The funding bill boosts FEMA’s Operations and Support account to $1.67 billion from $1.48 billion last year. Some of that is straightforward and overdue. Restoring staff positions cut last year. Modernizing grants management. Supporting Urban Search and Rescue. These are fixes for an agency failing to keep up with the volume of money and responsibility it is being asked to manage.

Then it gets interesting.

By our count, the bill includes no fewer than 25 reporting and briefing requirements for FEMA. Lawmakers direct the agency to brief, report, submit, and update Congress on nearly every major function it performs, often on tight and recurring schedules. Within 30 days of enactment, FEMA would have to brief on execution of the Hazard Mitigation Grant Program. Within 30 days, it would have to explain the criteria it uses to recommend disaster declarations and justify delays Congress deems excessive. Within 30 days, it would also have to brief on administration of the Next Generation Warning System and account for how last year’s funds were handled.

House appropriators also press FEMA hard on staffing and workload capacity, coupling explicit staffing mandates with recurring monthly briefings that require FEMA leadership to account for how the agency is managing its workforce. That’s Congress signaling concern that FEMA’s capacity problems are no longer episodic but systemic.

Mitigation is where lawmakers dig in hardest. FEMA would be required to brief Congress monthly on the status of the Building Resilient Infrastructure and Communities (BRIC) program that was created in the first Trump administration. After the current administration tried to kill the program and lost in court, appropriators would now force the agency to justify this decision and to itemize every terminated grant—how much was awarded, how much was spent, how much was returned, and what work will now never be completed. Ouch.

Delays and backlogs get similar treatment. FEMA would have to report within 60 days on outstanding reimbursement claims, explain why they’re stalled, and lay out a plan to reduce the backlog—then repeat the exercise monthly. A new public dashboard would need to detail project-level reimbursement status, timelines, and explanations for delays.

Immediate Needs Funding (INF), FEMA’s tool for rationing reimbursements when money gets tight, is the clearest tell. FEMA would have to brief Congress on how those decisions are made, what work gets delayed, and whether a more strategic approach makes sense. If INF is triggered, FEMA would then be required to submit weekly reports on delayed reimbursements by disaster, state, and category of work. Weekly.

All of this oversight sits alongside a $26.4 billion allocation for the Disaster Relief Fund (DRF), which remains the default funding mechanism, treated as inevitable and largely insulated from normal budget discipline. For years, Congress has required monthly reporting on the status of the DRF, but Congress keeps writing big checks after disasters strike, even as it documents frustration with how the system functions. But maybe things are moving in the right direction.

The timing is hard to miss. As House appropriators demand more reporting from FEMA to explain rising disaster costs, the administration is simultaneously walking away from one of the federal government’s most important public datasets tracking those costs in the first place—making it harder to see whether disaster spending is actually working.

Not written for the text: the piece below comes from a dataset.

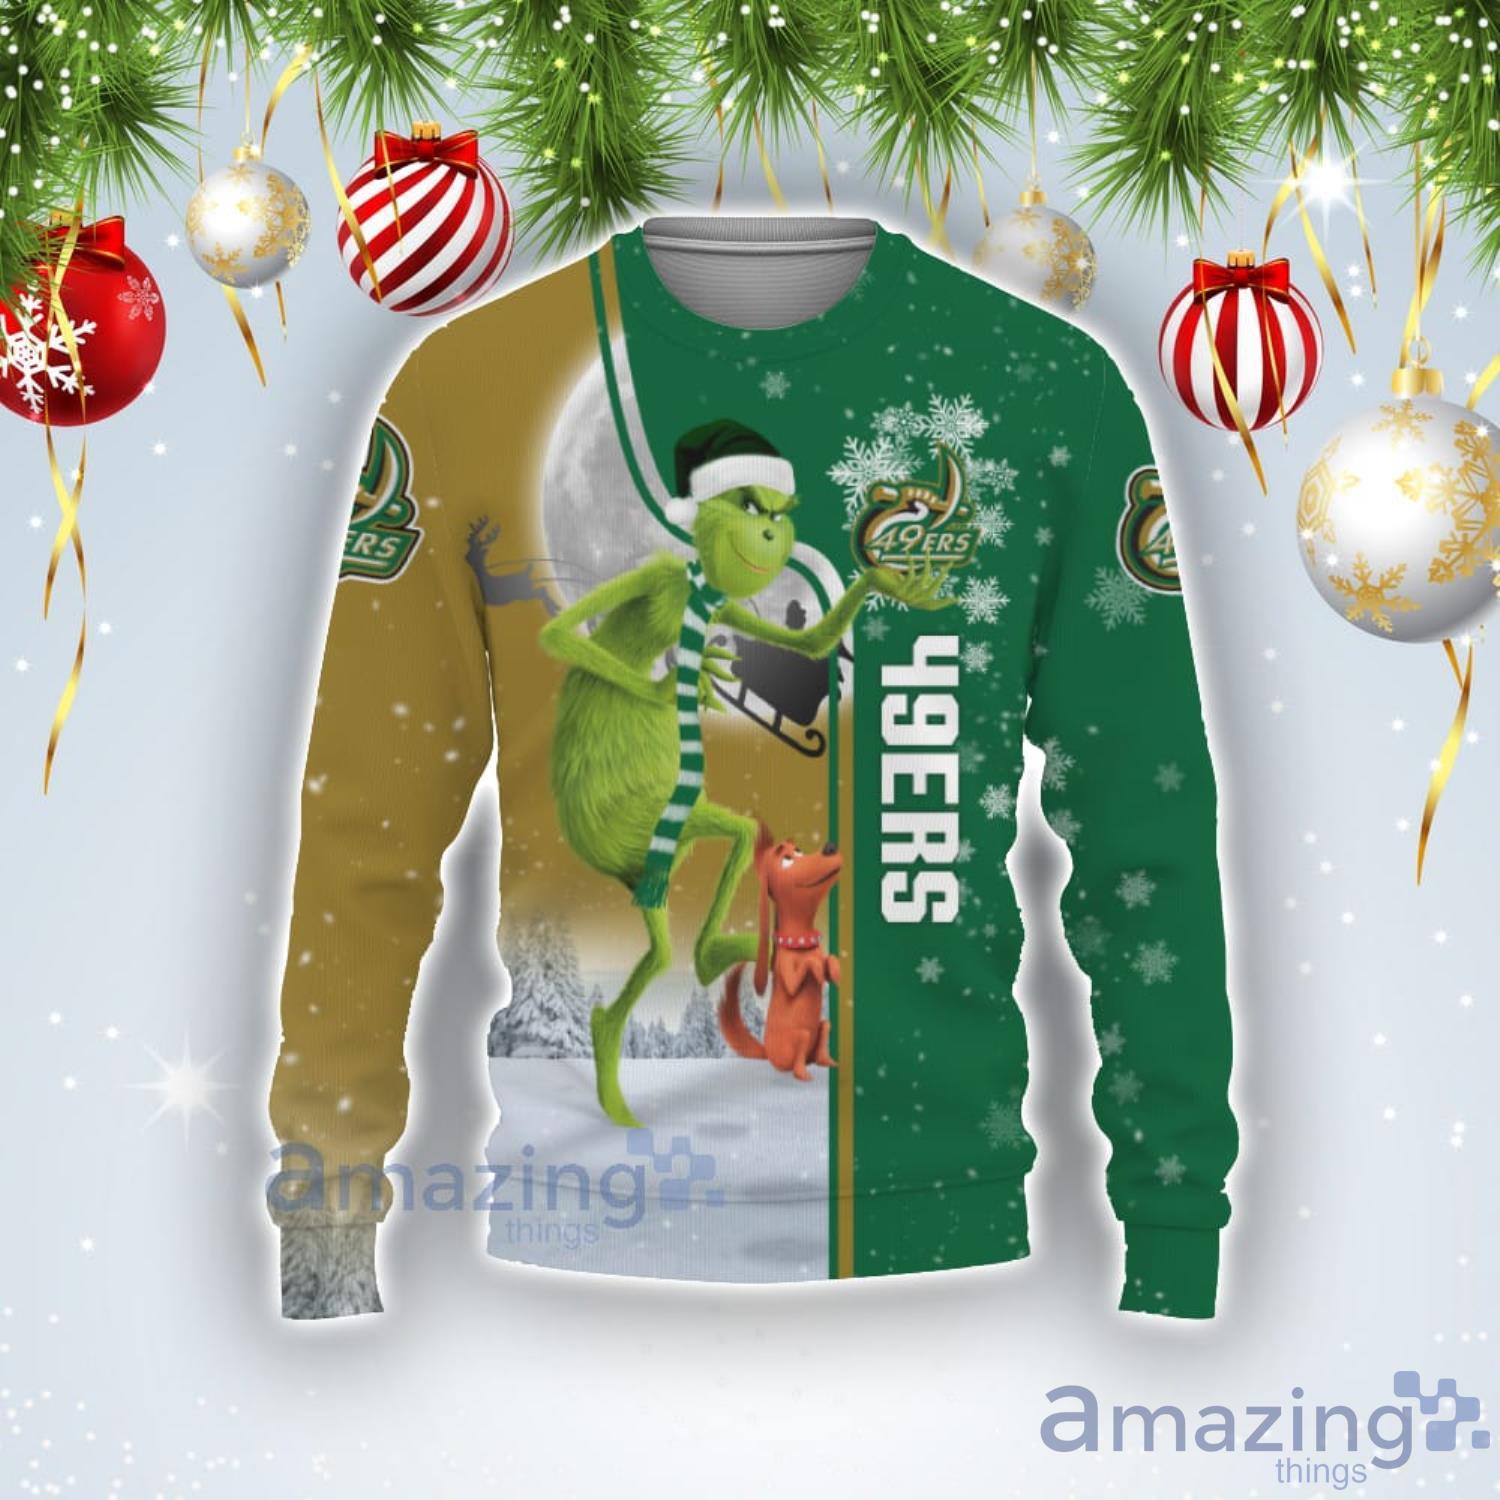 Charlotte 49ers Funny Grinch Ugly Christmas Sweater Product Photo 1

Alas, oversight is necessary, but it isn’t sufficient. Reports don’t reduce wildfire risk. Dashboards don’t stop development in floodplains.

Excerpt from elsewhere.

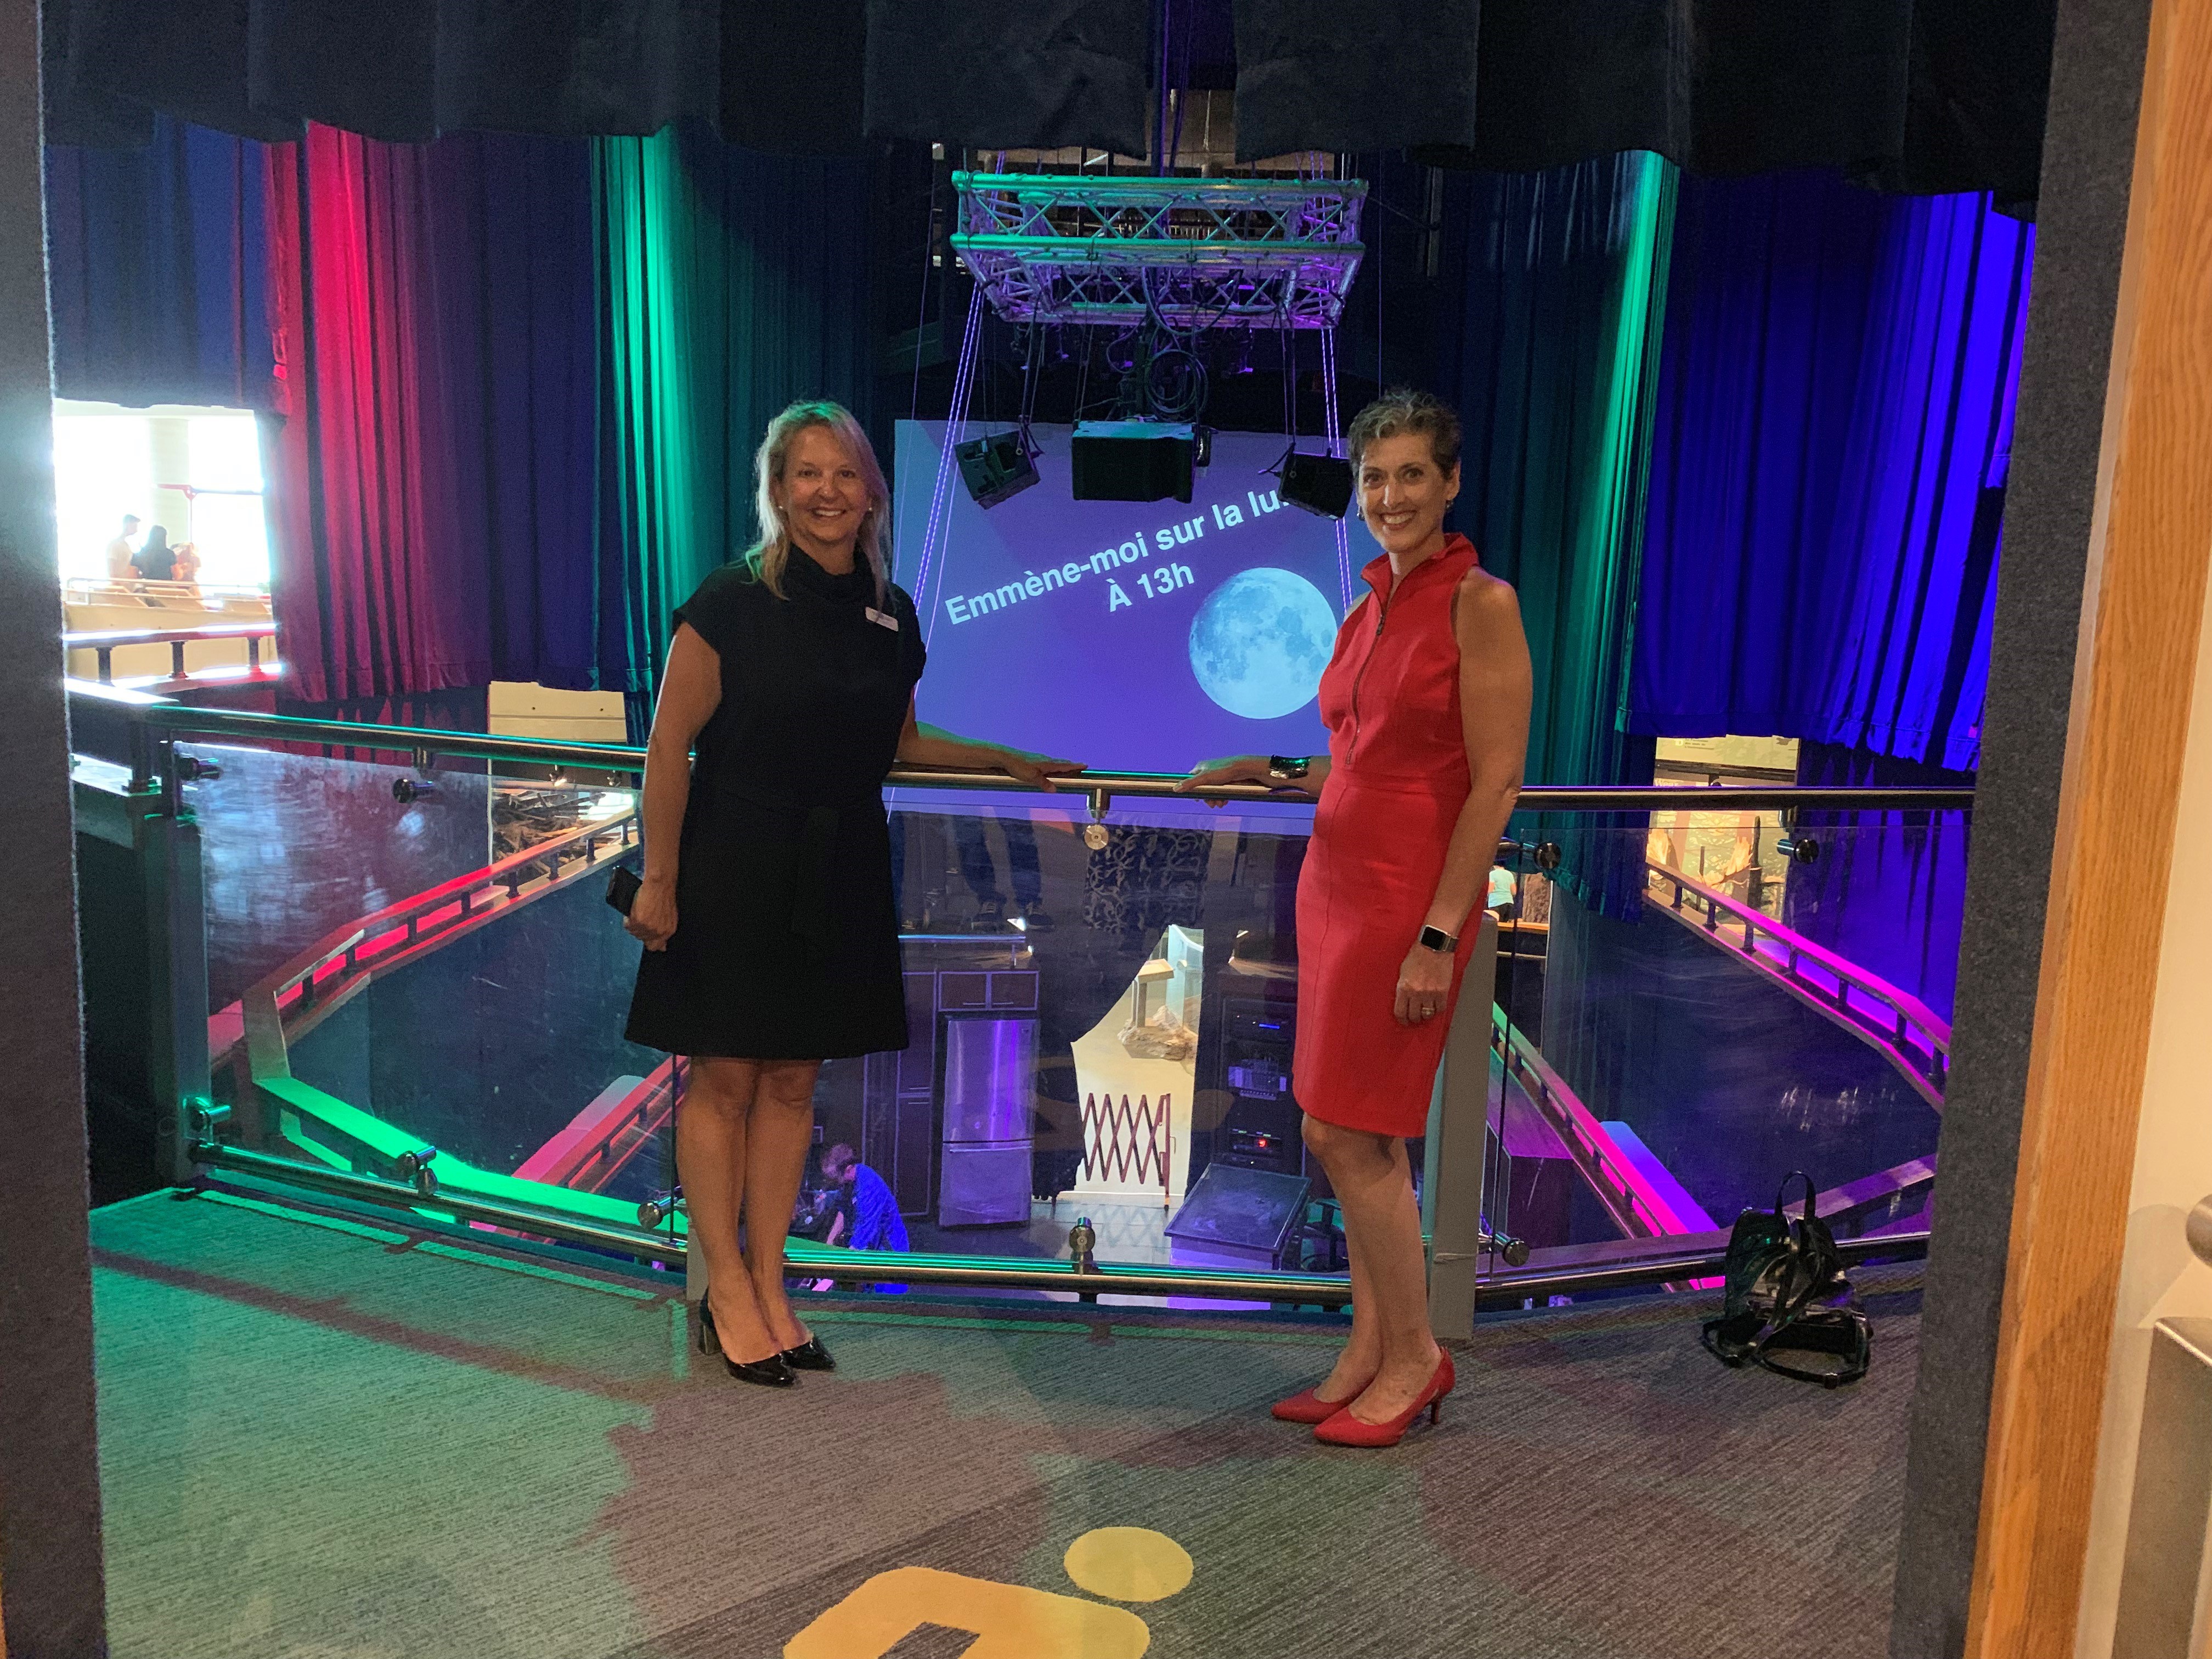 Senator Josée Forest-Niesing with Julie Moskalyk, science director of Science North, during a visit to the museum in her region of Sudbury on July 9, 2019.

Read generously, this House bill looks like appropriators setting the table for broader reforms, including ideas now circulating in the FEMA Act. Through a Making Congress Great Again lens, this is Congress trying to claw back control and dictating that Uncle Sam is still in the disaster mitigation and response business—building the record for reform rather than continuing to outsource disaster policy to the administration. Predictable mitigation funding. Clearer rules. Less reliance on supplemental emergency spending as the default solution.

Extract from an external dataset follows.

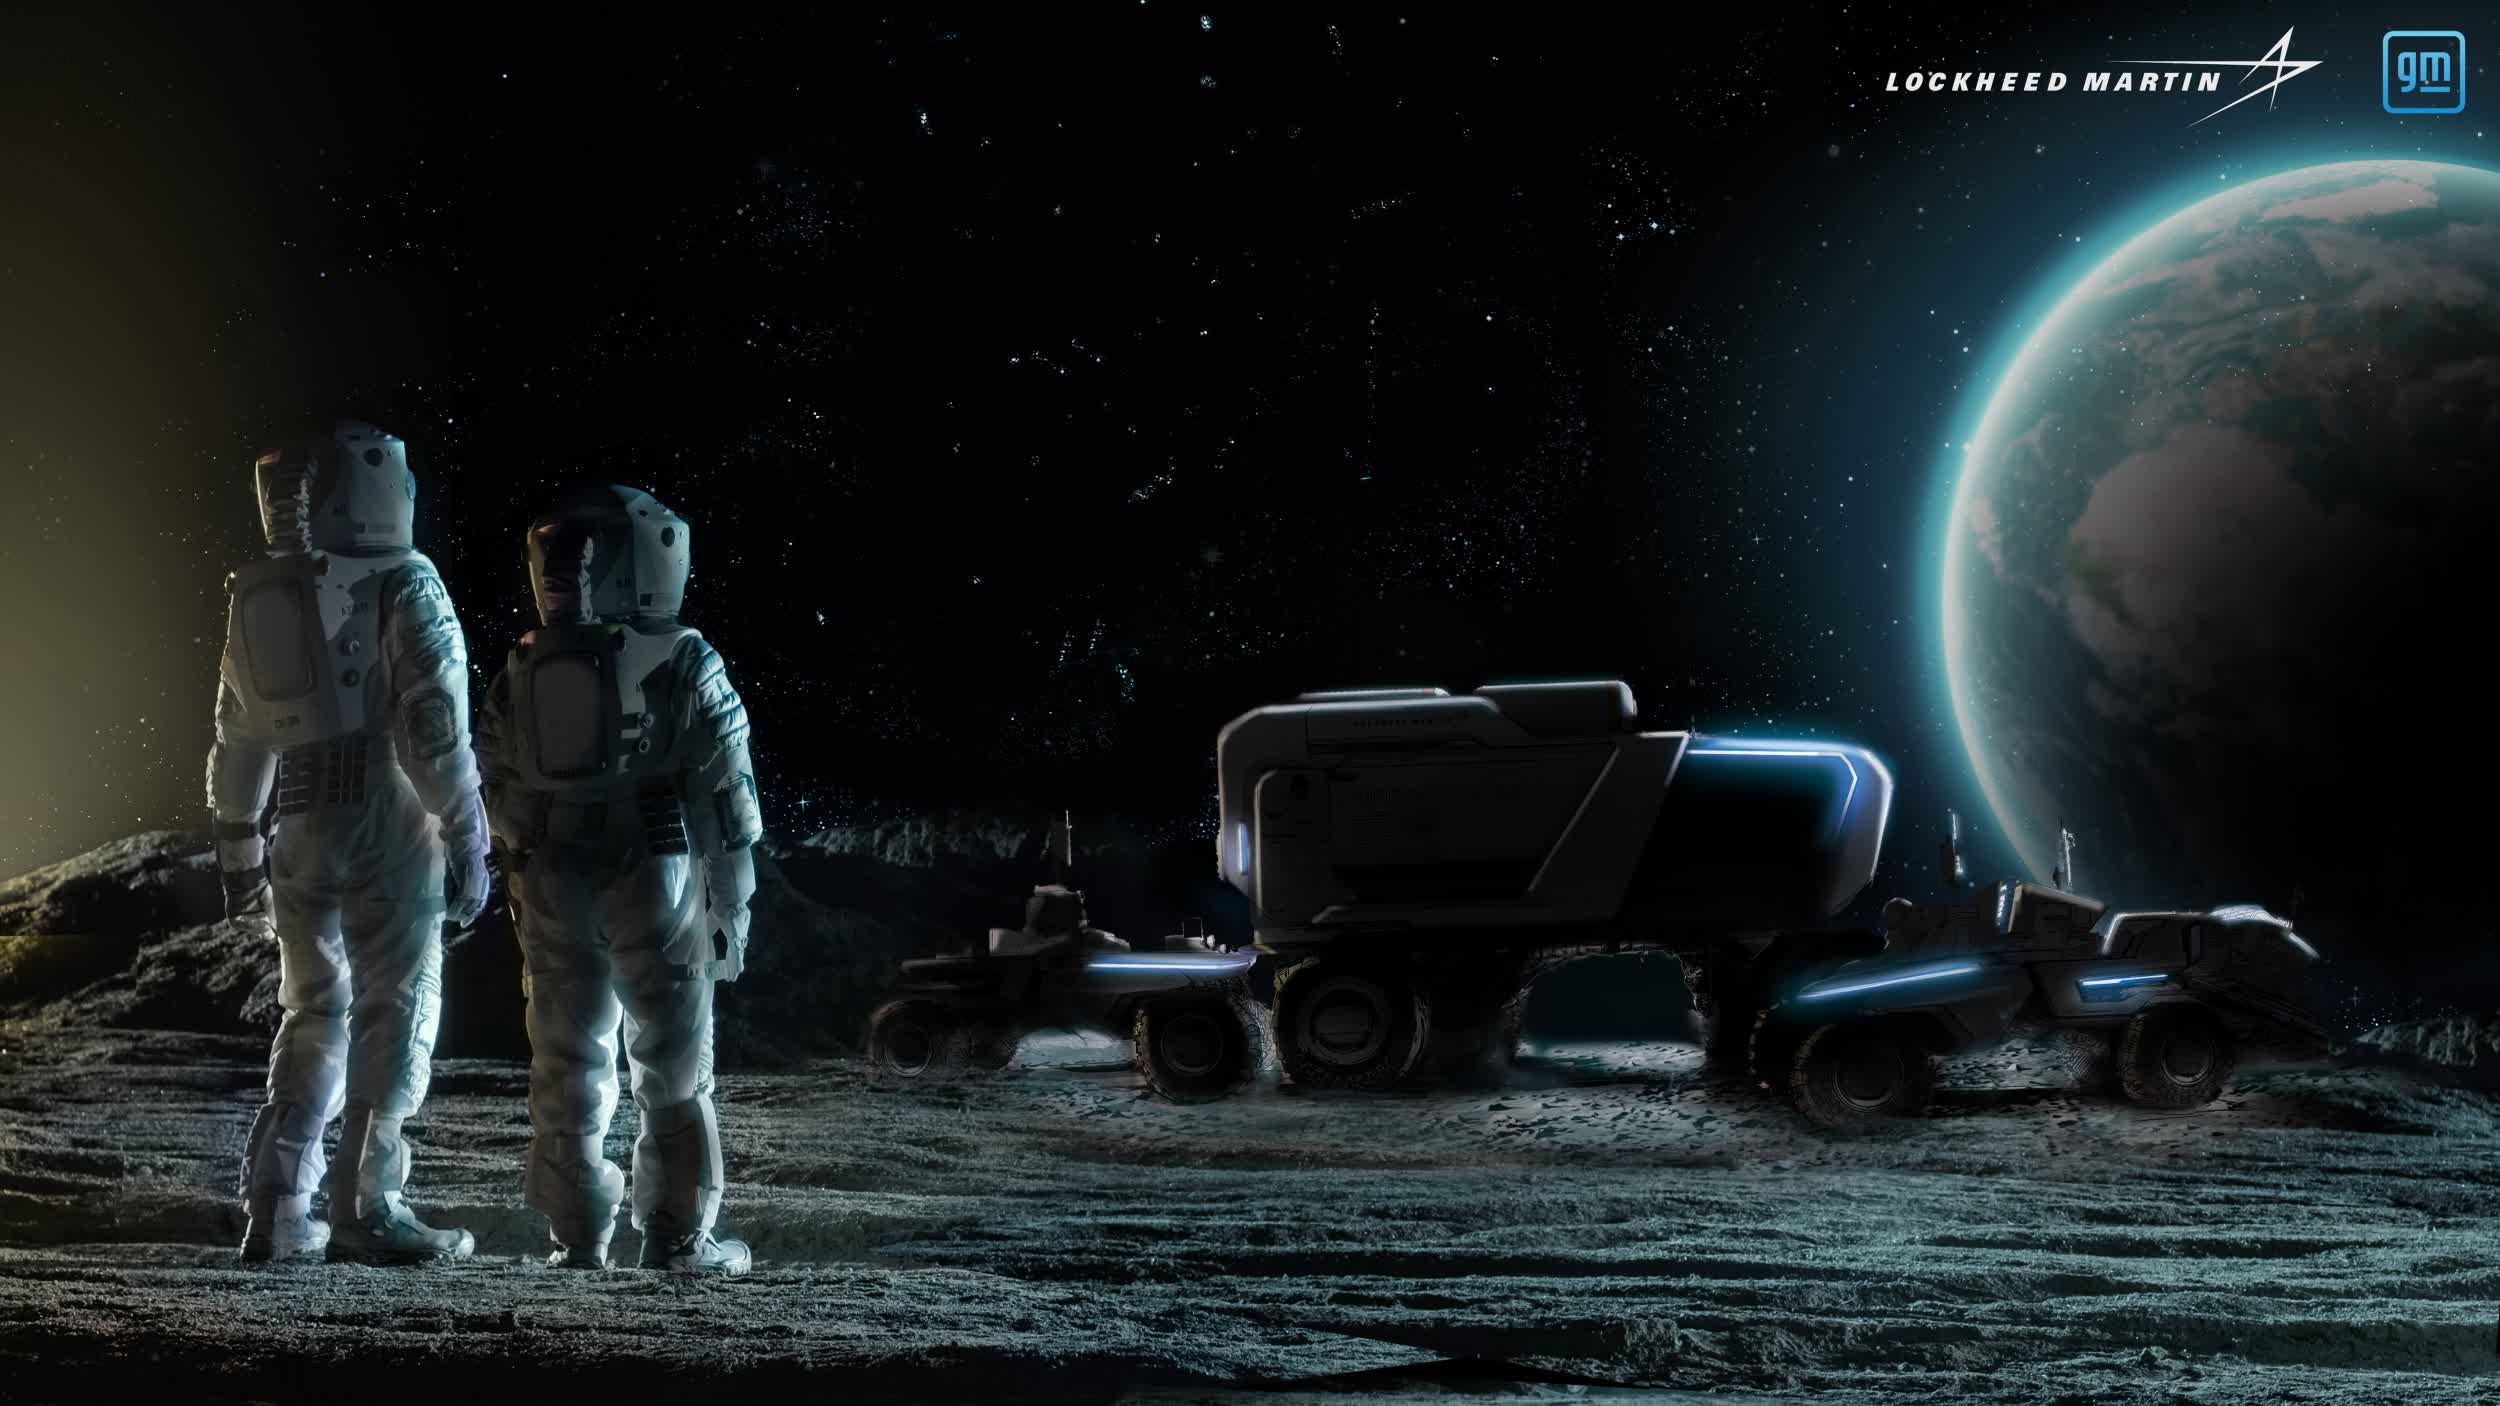 General Motors and Lockheed Martin team up to build lunar rover for NASA's return to the Moon

If those reforms stall, FEMA will remain trapped in the same loop. If they move, this bill may end up looking like the moment Congress finally admitted the current approach isn’t working. It’s time mitigation and prevention stopped being treated as optional add-ons and started being funded and managed like the core fiscal responsibilities they are. Congress cannot afford to rest on the legislative laurels— err, language—oversight is only useful if it leads to enforcement.